Вот человек, которому я обещала принадлежать. Если он вернется, он имеет право сказать мне: "Вы хорошо знали, что я таков, и вы все-таки обещали". Это правда: я знала это, однако, как говорят по-английски, я не "реализовала" этого. Но так как происшествие касается меня лично, то оно внезапно принимает реальные формы, и последствием является перемена во мне. Я не могу больше думать о господине де Герселе так же, как об откровениях Бургена. Прежде поведение графа де Герселя казалось мне отвратительным, но сам он казался мне как бы отделенным от собственного поведения, достойным любви. Теперь же его привычки смешиваются для меня с ним самим. Отвращение к вожделению снова охватило меня, не смутное и неопределенное, но точно выраженное, направленное на одного человека – на того, благодаря которому я на мгновение познала вожделение.
Я разбита. Сердце кажется мне пустым и все тело ломит от усталости. Но я начинаю меньше страдать, у меня такое чувство, словно я избежала опасности. Если бы я узнала это после, то думаю, что повесилась бы от стыда. Я узнала это до, и не чувствую себя физически причастной ко всем этим мерзостям. Я испытываю скорее оцепенение, чем страдание.
Глава 8
Все энергичные люди сходятся в одном: рассуждение и решение – враги друг другу. Когда чувствуешь, что приливы и отливы решений притупляют волю, самое лучшее, как говорил Паскаль, помешать себе думать, развлекаясь чем-либо. В то время, когда не думаешь, воля сама приходит к определенному решению.

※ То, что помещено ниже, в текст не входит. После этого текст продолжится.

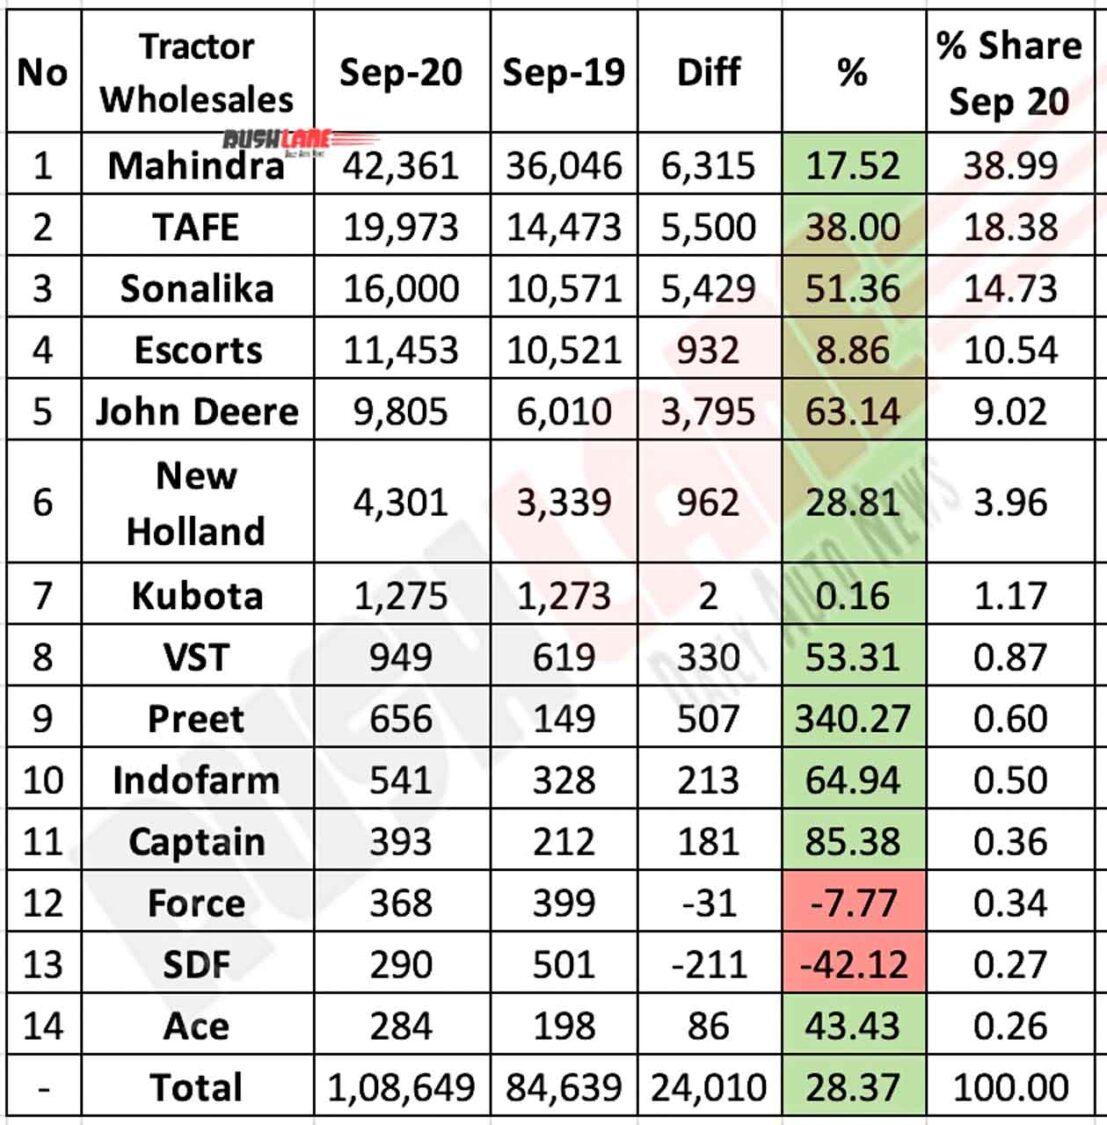 Tractor Sales Sep 2020

Через полчаса после того, как граф де Герсель прочел письмо Генриетты Дерэм, он уже летел по дороге между Версалем и Рамбулье к Орлеану, лично управляя рулем своего автомобиля. Все усилие его рассудка было направлено теперь на то, чтобы следовать определенному направлению, лавировать между препятствиями, следить за аппаратами для смазки, прислушиваться к определенным шумам различных частей мотора, которые для опытного уха представляют собою пульс и дыхание машины. В тот момент, когда он вышел за порог своего дома, он еще не знал, куда поедет, но на всякий случай направился в тот конец Парижа, который обращен к Солонье. В Версале он не мог бы сказать, доедет ли до Рамбулье, но в Рамбулье инстинктивно направился на Орлеанское шоссе. Только тут он начал сознавать, куда ведет его эта непонятная, неодолима сила, которой он отдавался в часы сомнений, уверенный, что она приведет его, куда нужно. Он ехал в Фуршеттери и теперь был уже уверен, что не свернет с дороги и, если не случится чего-нибудь особенного, к шести часам вечера достигнет замка, где увидится с Генриеттой Дерэм. Что он скажет ей? Он не старался предугадывать это. Он увидит ее; найдутся нужные слова и жесты, чтобы снова овладеть ею: девушка сдастся. Никогда он не преследовал женщины, если чувствовал, что не нравится ей, но никогда не допустил бы, чтобы женщина, в любви которой он был уверен, ушла от него. Генриетта любит его – значит, она уже побеждена. Достаточно будет снова очутиться вместе с ней, застать ее врасплох. И теперь, раздраженный до крайности непредвиденным сопротивление, сердитый на дурацкую случайность, которая стала ему внезапным препятствием, он жаждал только ее, жаждал всем пылом страсти. И это раздражение, эту злобу он срывал на том, что старался развить такую скорость, чтобы мимо него, как в ураган, неслись деревья, дома, деревни и города, ту необузданную скорость, благодаря которой человеку скоро начинает казаться, что он представляет одно целое вместе с машиной, нечто в роде чудовищного кентавра из железа и тела, крови и огня.